Muslim plans to broadcast a loudspeaker call to prayer from a city centre mosque have been attacked by local residents who say it would turn the area into a "Muslim ghetto".
Dozens of people packed out a council meeting to express their concerns over the plans for a two-minute long call to prayer to be issued three times a day, saying that it could drown out the traditional sound of church bells.
But a spokesman for the Central Mosque said that Muslims also have the right to summon worshippers.
Dr Mark Huckster, who lives in Stanton Road and works at East Oxford hospice Helen House, told the Oxford Mail: "The proposal to issue a prayer call is very un-neighbourly, especially in a crowded urban space such as Oxford.

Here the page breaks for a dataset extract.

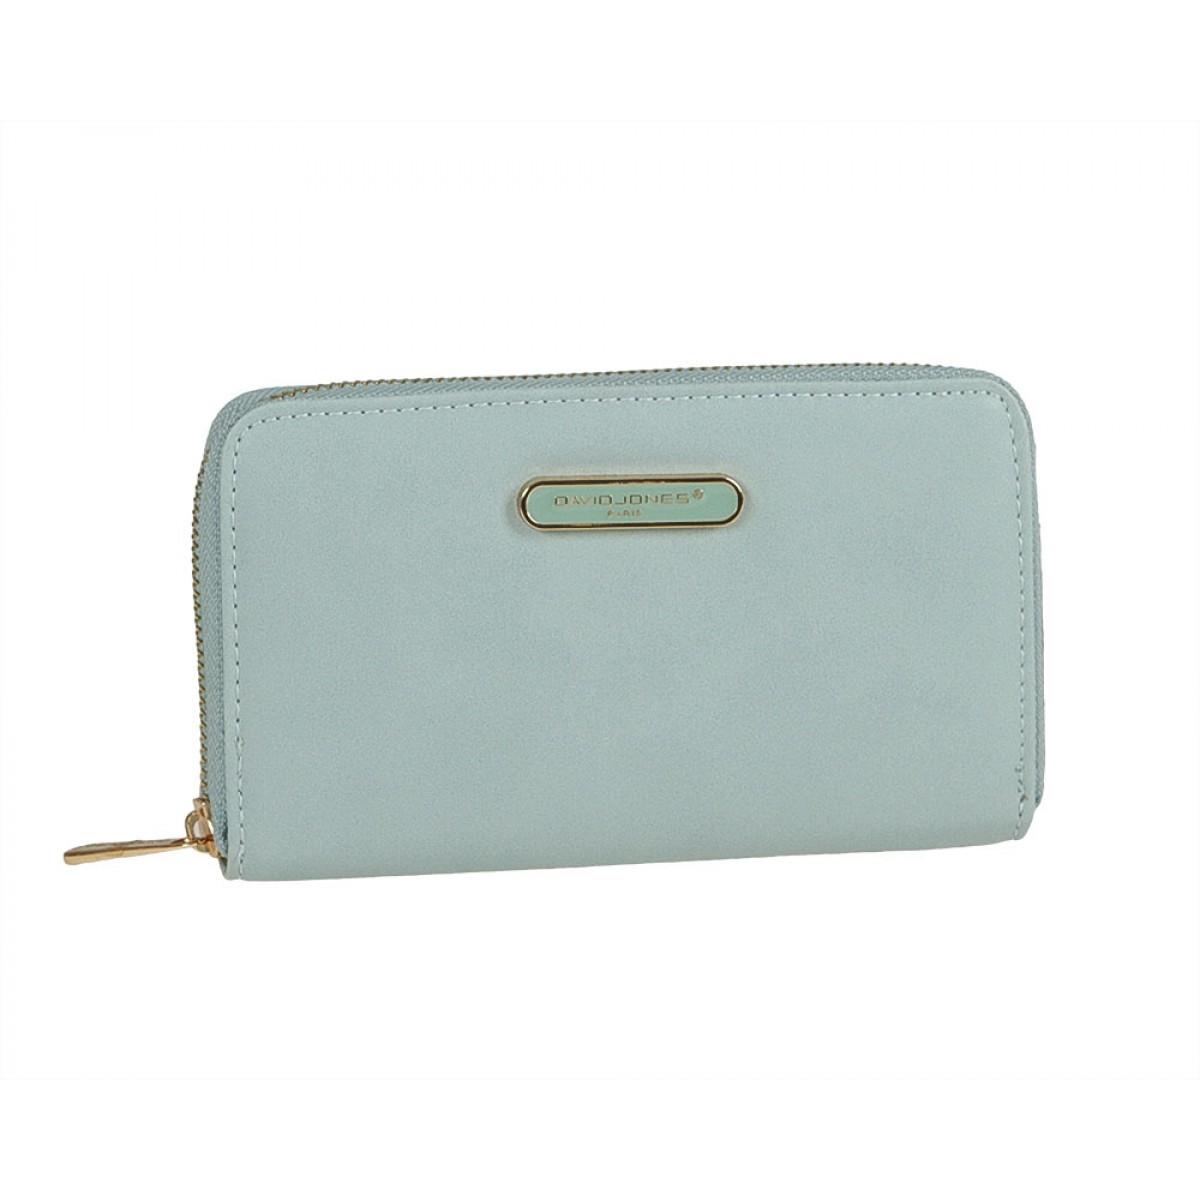 Жіночий гаманець David Jones P030-610 PALE BLUE
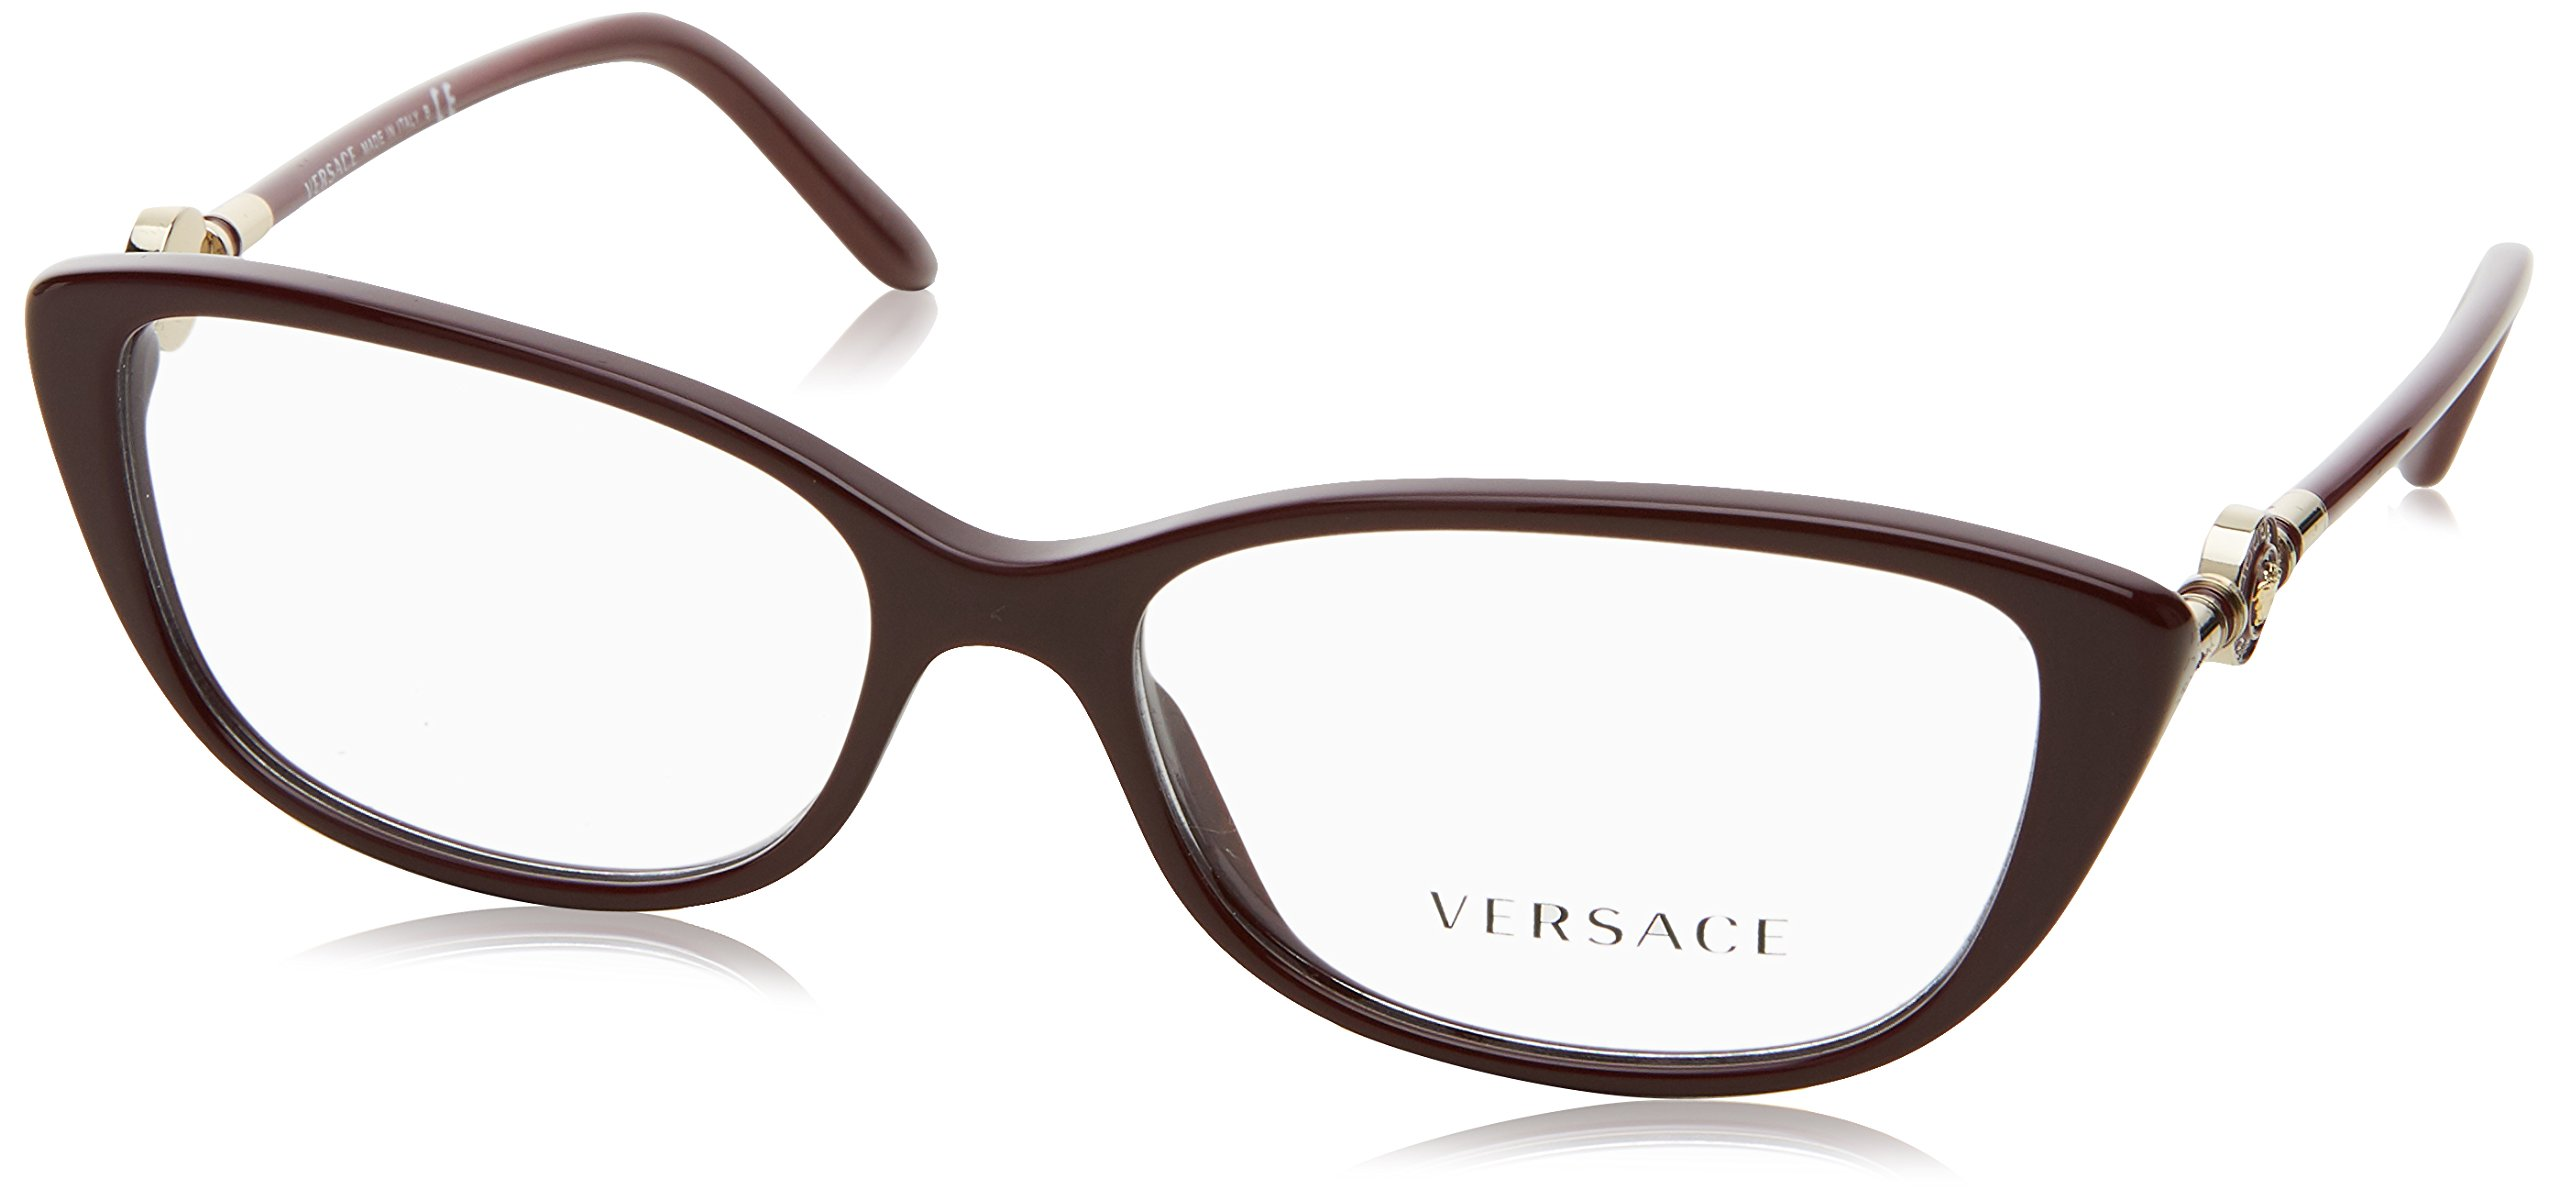 lunettes de soleil des étoiles des lunettes élégant nouveau cycle de lunettes de soleil les femmes les visages coréenneblack (tissu) m2MxCX2ZQX

"I have lived in the Middle East and a prayer call has a very different feel to church bells and I personally found the noise extremely unpleasant, rather disturbing and very alien to the western mindset."
He added: "If an evangelical Christian preacher proposed issuing sermons three times a day at full volume there would be an outcry.
"There could be a sense of ghettoisation of East Oxford. Cowley Road would have a Muslim flavour and could become a Muslim ghetto which is contrary to what we want in a multicultural society."
Dr Huckster was among six residents speaking in opposition to the plans, revealed in the Oxford Mail in November.
Allan Chapman, who lives in East Oxford, said: "We are concerned with civil liberties and civil peace and the right to be able to live in our own space.
"I do not want preaching at. It is not the tradition of this country or the tradition I subscribe to.
"I find this totally, utterly unacceptable and I plan to do whatever I can to stop it."
David Hutcheson, of East Avenue, said: "I'm very happy for people to practice their own religion but very unhappy about the thought of having a loudspeaker broadcasting any messages into my private space."
After the meeting, Sardar Rana, a spokesman for the Central Mosque, said he would be happy to clarify any issues and invited anyone to come to the mosque so he could satisfy their concerns.
He said: "The call is going on in so many places in the UK, and we must get the same right as everybody else.
"When they ring the bells in church, we respect it but that is also a call to prayer.
"We don't want to do anything that will disturb the people or upset the people."